Source records.
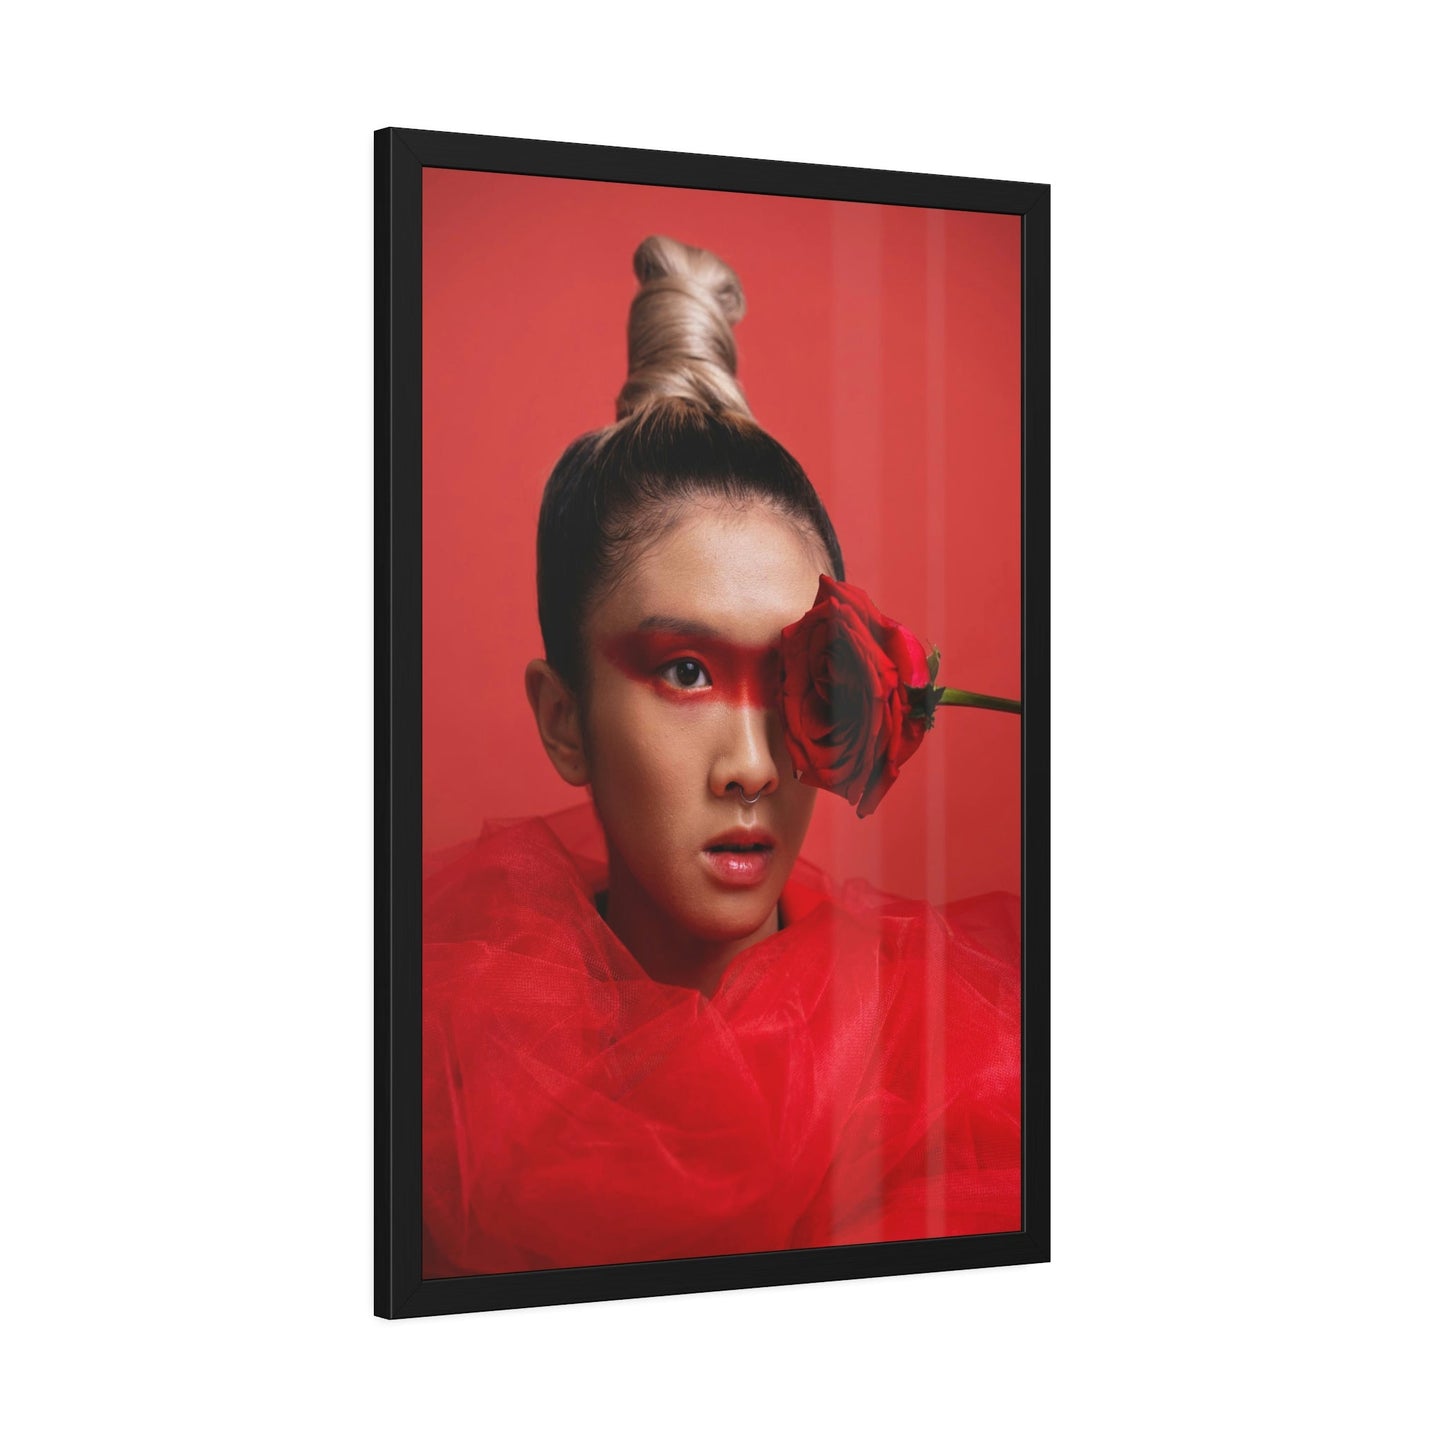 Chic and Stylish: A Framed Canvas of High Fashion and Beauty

---

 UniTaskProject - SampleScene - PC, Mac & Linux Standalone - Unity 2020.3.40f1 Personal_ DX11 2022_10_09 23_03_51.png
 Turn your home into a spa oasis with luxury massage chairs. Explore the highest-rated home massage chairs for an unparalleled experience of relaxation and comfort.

What needs to be done. Proceeding from the line containing "UniTaskProject - SampleScene" through the line containing "Turn your home", transcribe the lines above exactly, both end lines included.

Response to this exercise.
 UniTaskProject - SampleScene - PC, Mac & Linux Standalone - Unity 2020.3.40f1 Personal_ DX11 2022_10_09 23_03_51.png
 Turn your home into a spa oasis with luxury massage chairs. Explore the highest-rated home massage chairs for an unparalleled experience of relaxation and comfort.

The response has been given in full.